> TASK REQUIREMENTS:
A word-for-word reproduction of the data below is needed, with no pictures in it.

> DATA SHOWN:
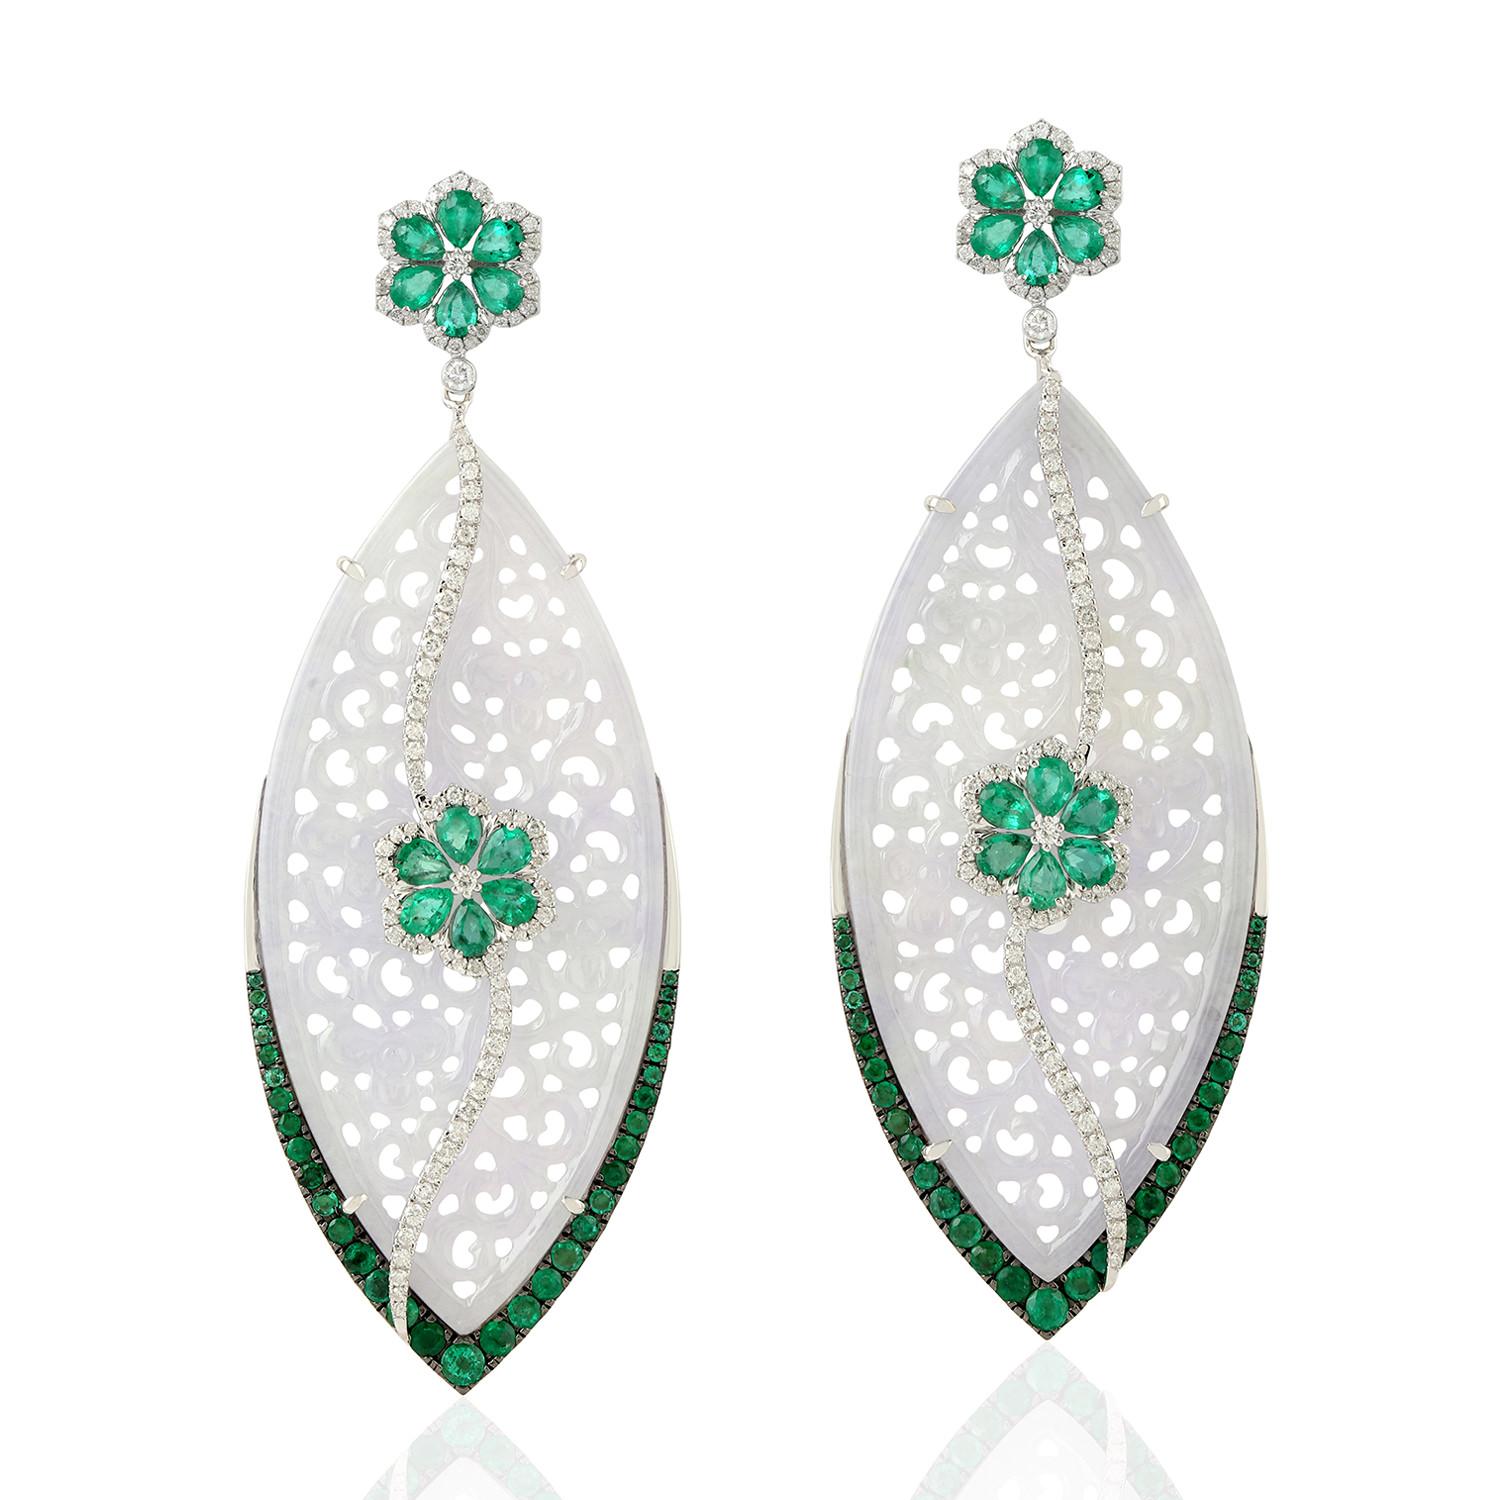 These stunning hand carved Jade earrings are thoughtfully and meticulously crafted in 18-karat white gold. It is set in 26.04 carats Jade, 1.99 carats emerald and 2.79 carats of sparkling diamonds.

FOLLOW  MEGHNA JEWELS storefront to view the
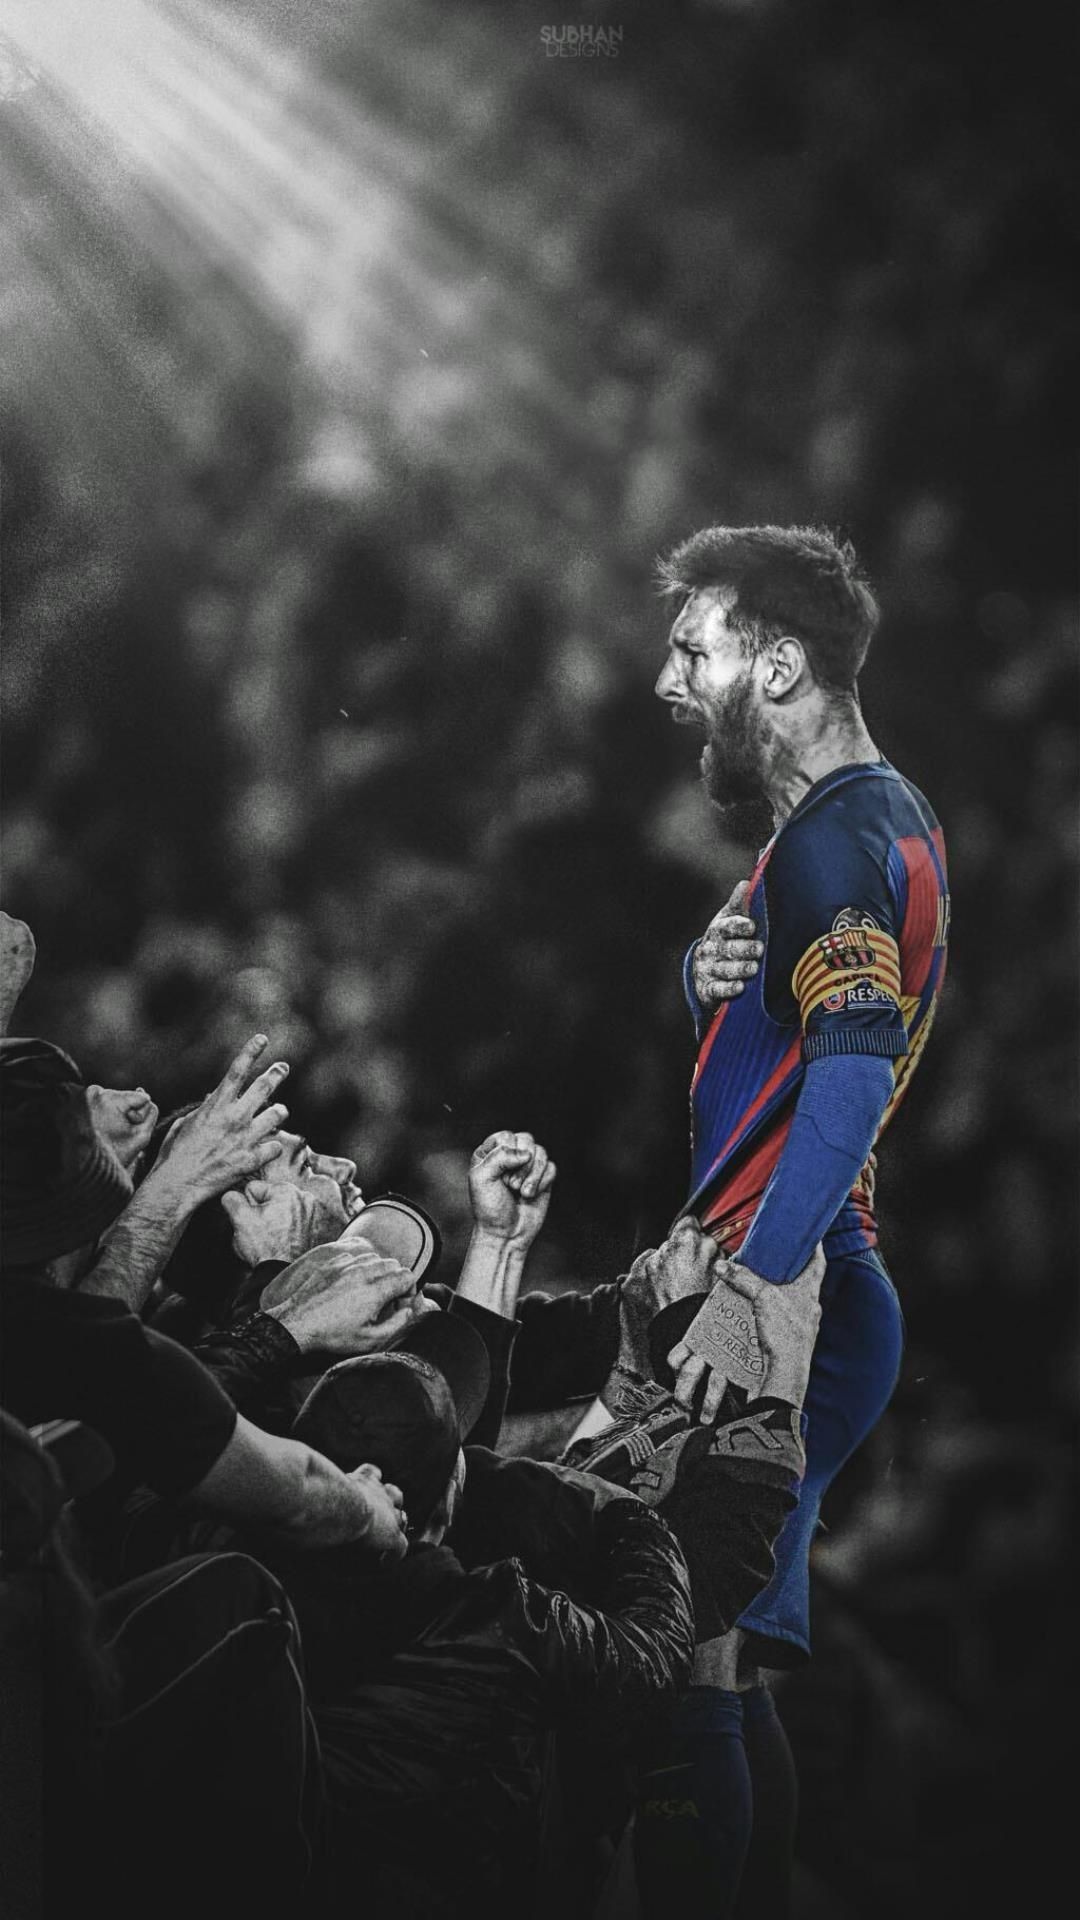 Cool Lionel Messi Wallpaper HD For Free Download Quotes

> OUTPUT:
 These stunning hand carved Jade earrings are thoughtfully and meticulously crafted in 18-karat white gold. It is set in 26.04 carats Jade, 1.99 carats emerald and 2.79 carats of sparkling diamonds.

FOLLOW  MEGHNA JEWELS storefront to view the
 Cool Lionel Messi Wallpaper HD For Free Download Quotes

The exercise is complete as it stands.